第56章 周红娥和董翠英的故事 小狸花猫
市局刑警金思敏很快到达现场, 她跟贺莹莹打了一个招呼,“又是九月发现的啊?”现在都默认了,一般贺莹莹打电话回市局报案,都是九月用嗅觉发觉了许多案件。
“是, 打开圣诞树底部时就发现了一个人头, 至于圣诞树其他部位还有没有人体组织, 得靠你们查看。”贺莹莹说, 她不大懂查案,却也知道不能破坏现场。

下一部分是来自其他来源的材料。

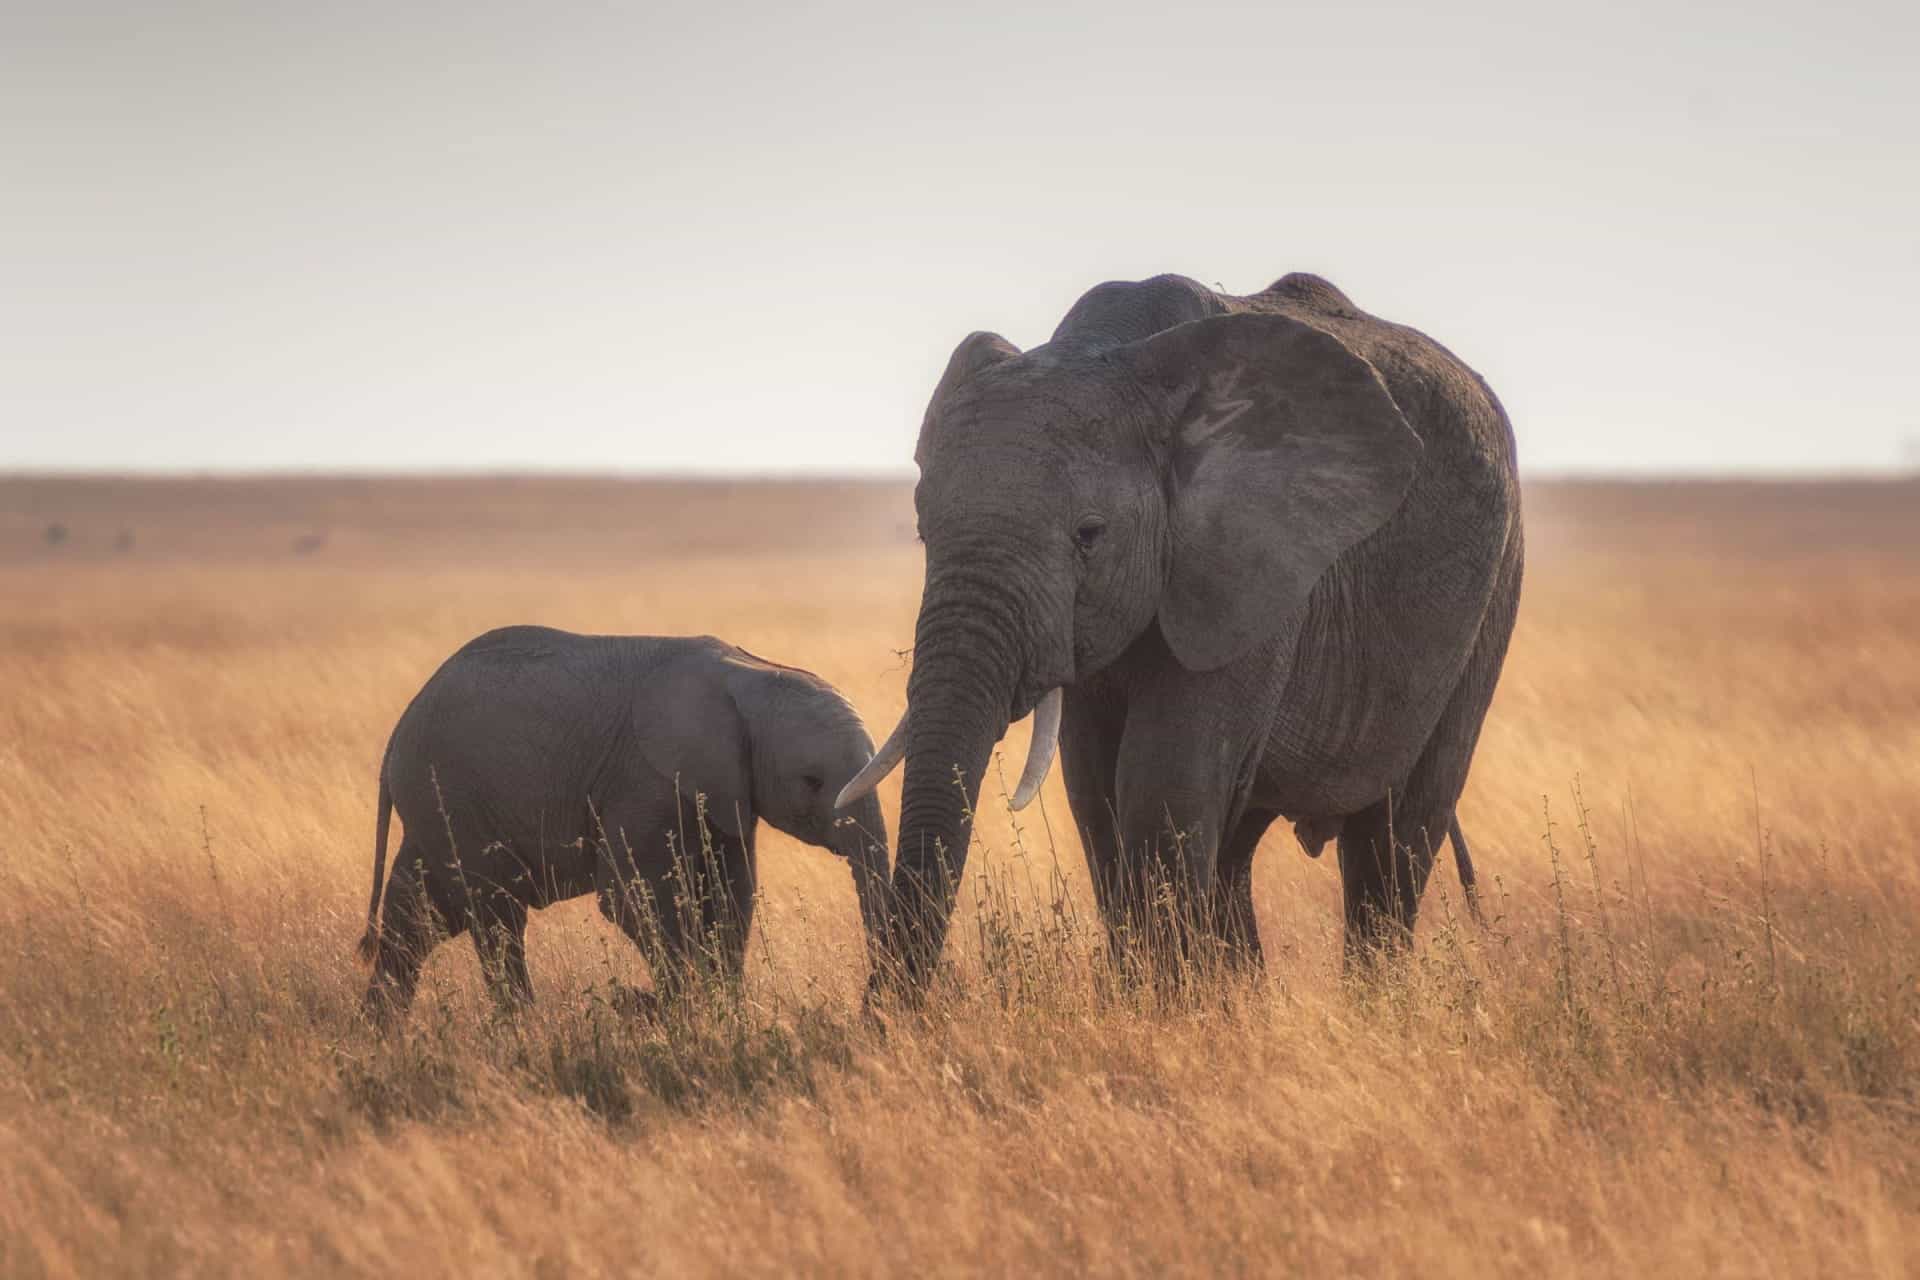 A baby elephant wanders under the guidance of its parent.

金思敏点了点头,靠近, 法医已经把头颅拿出来了, 正在排查圣诞树剩下的位置,她看了看,头颅被破坏, 眼眶的位置空荡荡, 鼻子与耳朵也不见了, 也不知凶手这么做是为了把死者头颅塞进底座还是因为很恨死者。
“看不出男女啊。”头颅被破坏成这个样子, 难以分辨。
“徐法医, 怎么样?”金思敏问。
“初步判断, 死者为男性,他的眼睛、耳朵、舌头都被割掉, 颈部平滑,应该是用机器切割的, 更多的线索要回市局才能验出来。”
“麻烦徐法医。”金思敏说了一句, 又看向这个咖啡店的负责人,“你们就是老板?来做个笔录吧,叫什么?”
KK与JJ脸色臭得很, 偏偏这个时候了,他还要强调一句,“不是老板,是主理人。”
金思敏疑惑,“?”这有什么不一样,不都一个意思?
“不要讲那么多废话。”她毫不客气地训斥,“你叫什么名字?”
“KK。”
“真名,身份证上的名字。”金思敏怀疑他们两个的智商,故而特意说明白要求。
“张子豪。”
“圣诞树自己做的还是买的?”
“买的,喏,艾尔大商场,隔壁奶茶店的圣诞树也是艾尔买的,跟我们的一样。”怕被警方怀疑拷回去,张子豪连忙撇清干系,“我们不知道为什么会有个人头,跟我们没关系,我们也是第一次知道。”
也不知道他们为什么这么倒霉,警方把隔壁奶茶店的圣诞树也检查了,什么都没有发现。
“谁去买的?其中有几个人过手?圣诞树买回来你们就没有发现任何不对劲吗?”金思敏一连问了三个问题,把张子豪问得满脸都是问号,过了几分钟他才捋清楚,慢慢说道:“我和JJ一起挑的,是艾尔大商场的工作人员搬回来的,一到咖啡店卸货就一直摆放在这里。”
“监控能拍到圣诞树吗?”金思敏抬头看了看头顶的监控,等张子豪说可以,她就让警员去调取,同时又给JJ做起笔录。
咖啡店的圣诞树发现了人头,此事在附近传得沸沸扬扬,艾尔大商场离这里不远,不少人也都知道了。
金思敏带着警员来到艾尔大商场的门口,因为是连锁超市,这里进进出出的人不少,大家左右手都拎着大袋子。有些工作人员则是往外搬运圣诞树,货车里的圣诞树不少,估计是一次性送去不同的地方。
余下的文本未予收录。